Nice effort, I see the need for the detailed background but at the same time it distracts as I see interesting faces within.
I agree with John on both counts. I'd consider burning it.
Thanks for the comments John and Dan.
I've revisited the image. My main concern was that burning the image down would have a negative impact on the overall look of the image because the foreground was in shadow. The lighting conditions were mediocre at the venue. I was shooting at ISO 128,000 at f/2.8, which gave me a shutter speed of 1/320 sec, which is a bit low for capturing a quickly moving dancer.
Here is the reworked image:
I've already pushed the noise reduction to the max (and the front view is rather noisy).

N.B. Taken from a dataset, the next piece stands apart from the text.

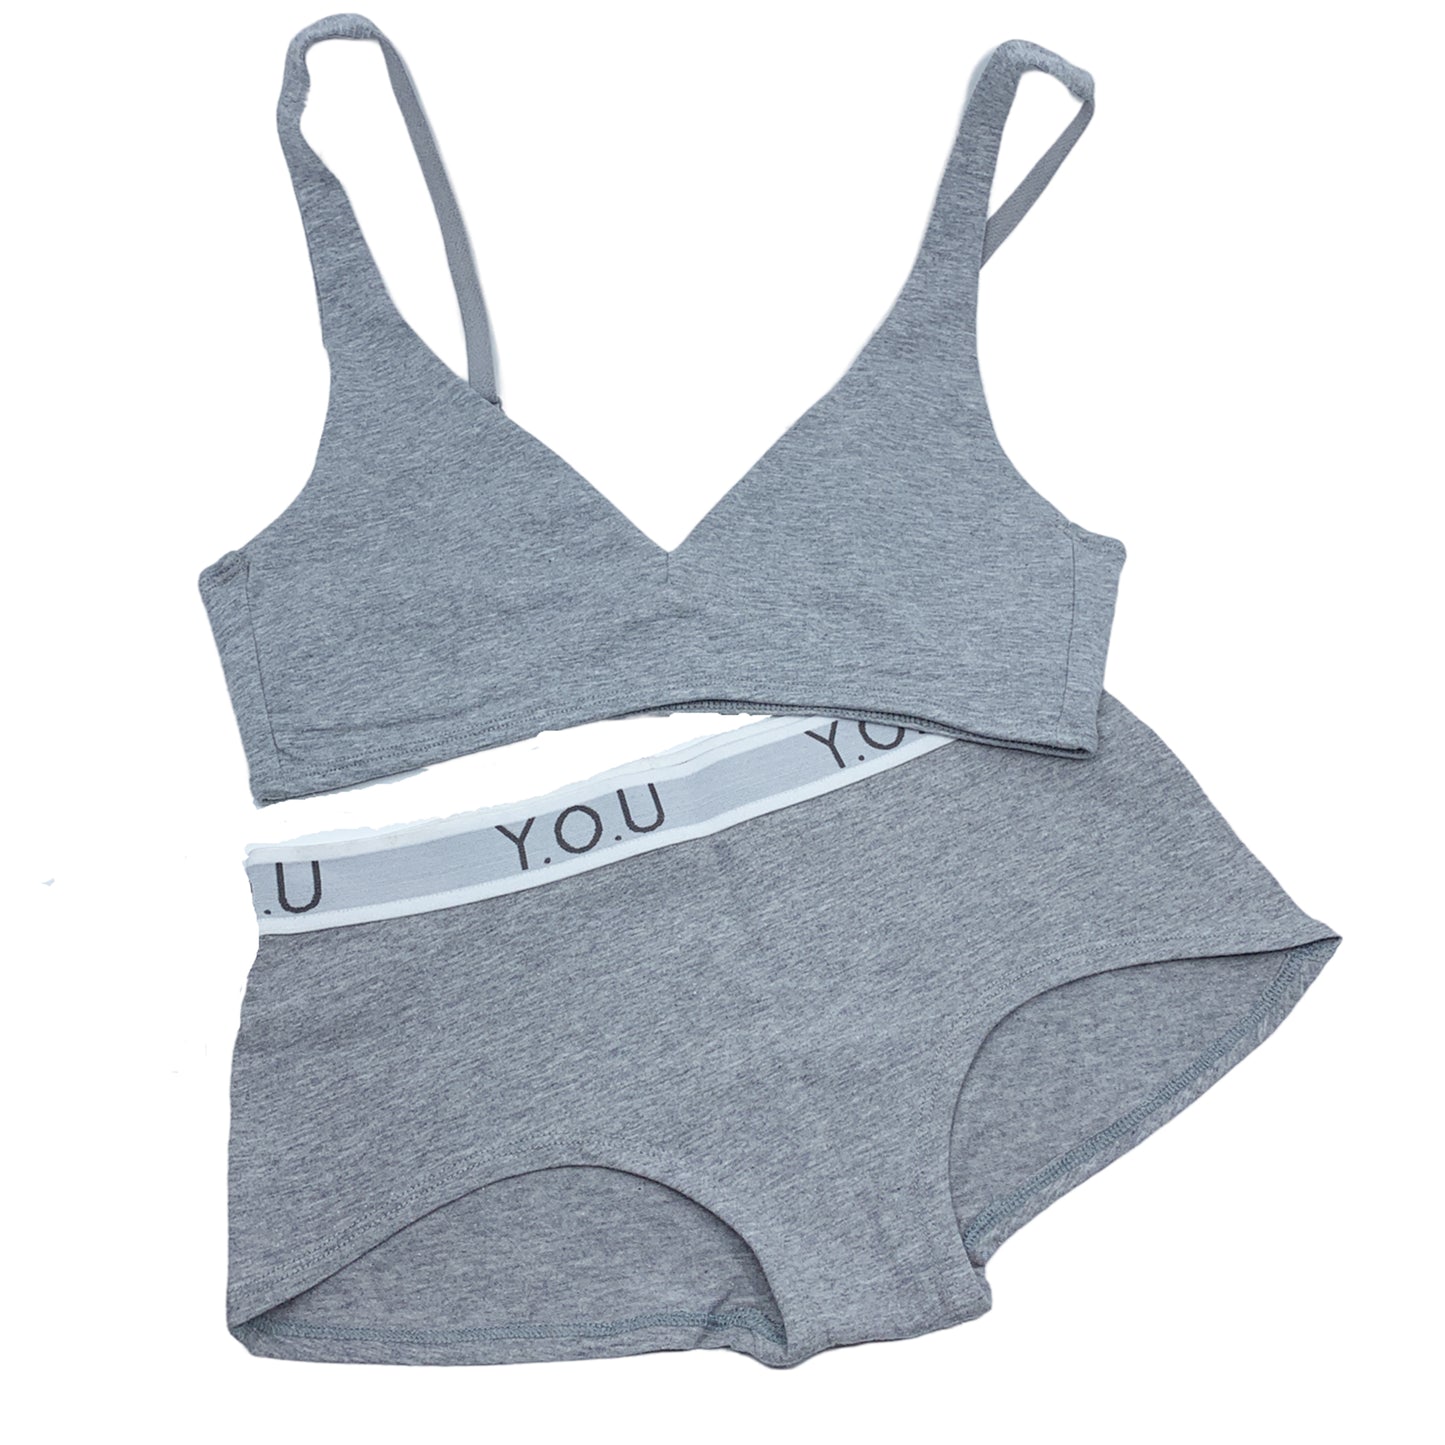 Women's organic cotton matching bralette and Y.O.U boy shorts set - light grey (heather grey)

Looking at both versions, I find I prefer the first one, even though the lighting is a bit more distracting than I would like. Event shooting with theatre lighting is never a pleasure.
Manfred,
The edit really pushed the wingspan and head forward and even gave a bit of lift to the cast shadows below, much better.
Manfred,
I am curious as to what caused the odd shaped light patches in the shadow of the wings in your reworked image?
For me the second shot is better, both are good though
To me, Manfred, by far the biggest bar to this being a really good image, is the lighting/divider which bisects the image at the middle-rear. Personally, I would tone it down quite a bit as it is a real eye-snag!

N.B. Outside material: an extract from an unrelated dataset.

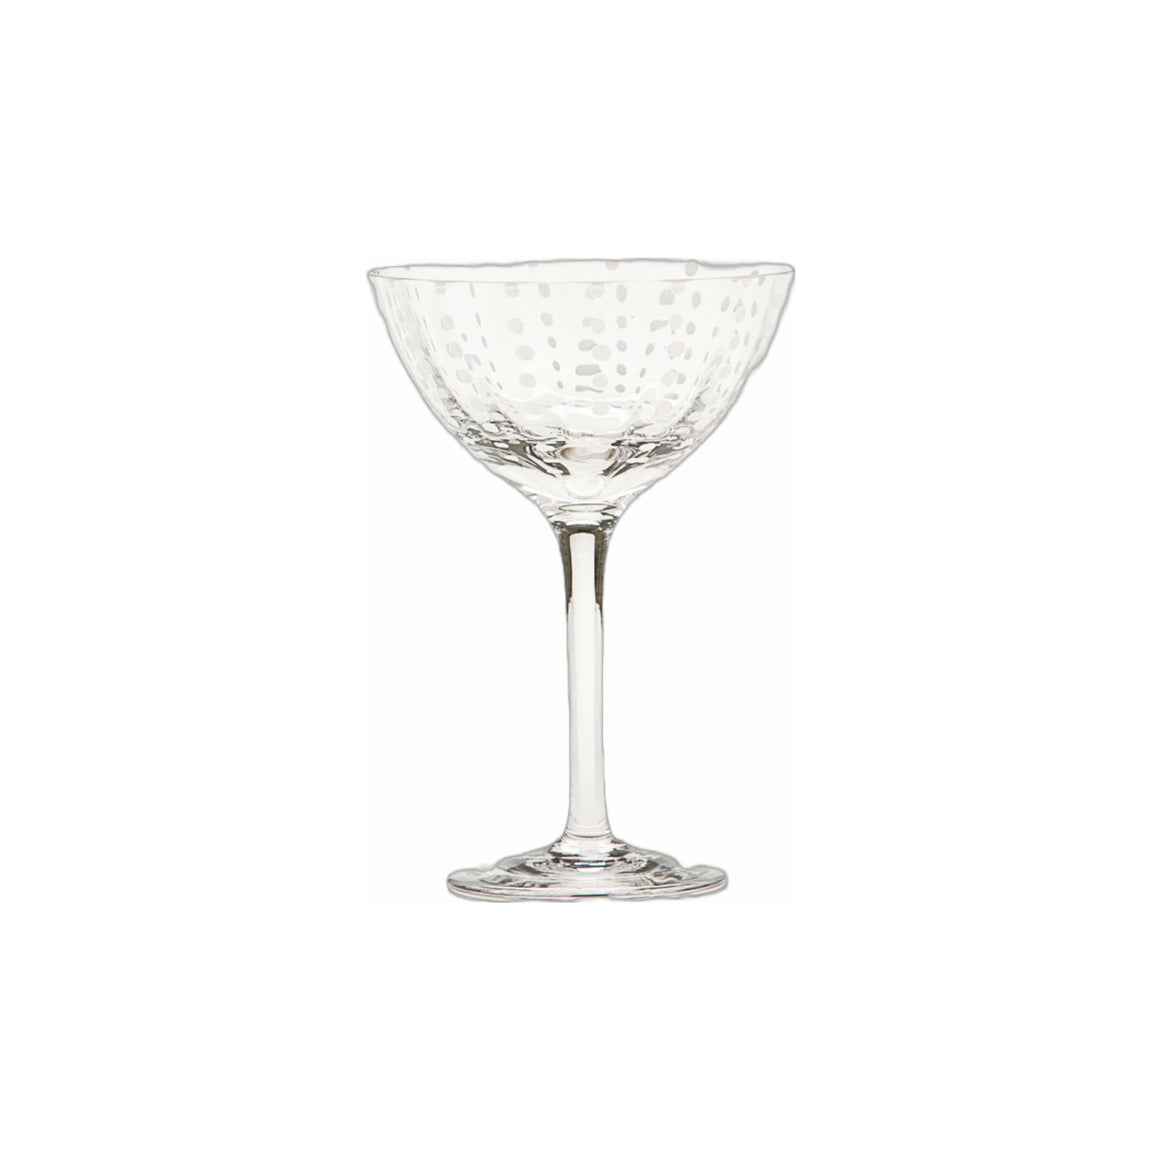 Perle Cocktail Goblet, Set of 2

The theatrical lighting is so difficult in this image I am surprised you even got a picture to show
This will never be a great image. The lighting is simply not particularly good. The defining parts of the image, in my view are the interesting background, reflections off the back drop and the bright line of lights along the floor. Remove those and the image becomes dull and uninteresting.
The reason I left the line in is that it accentuates the wings and the shadow of the wings. While the line along the floor is still reasonably bright, there is no logical reason for it to be that way and that adds negative tension into the shot.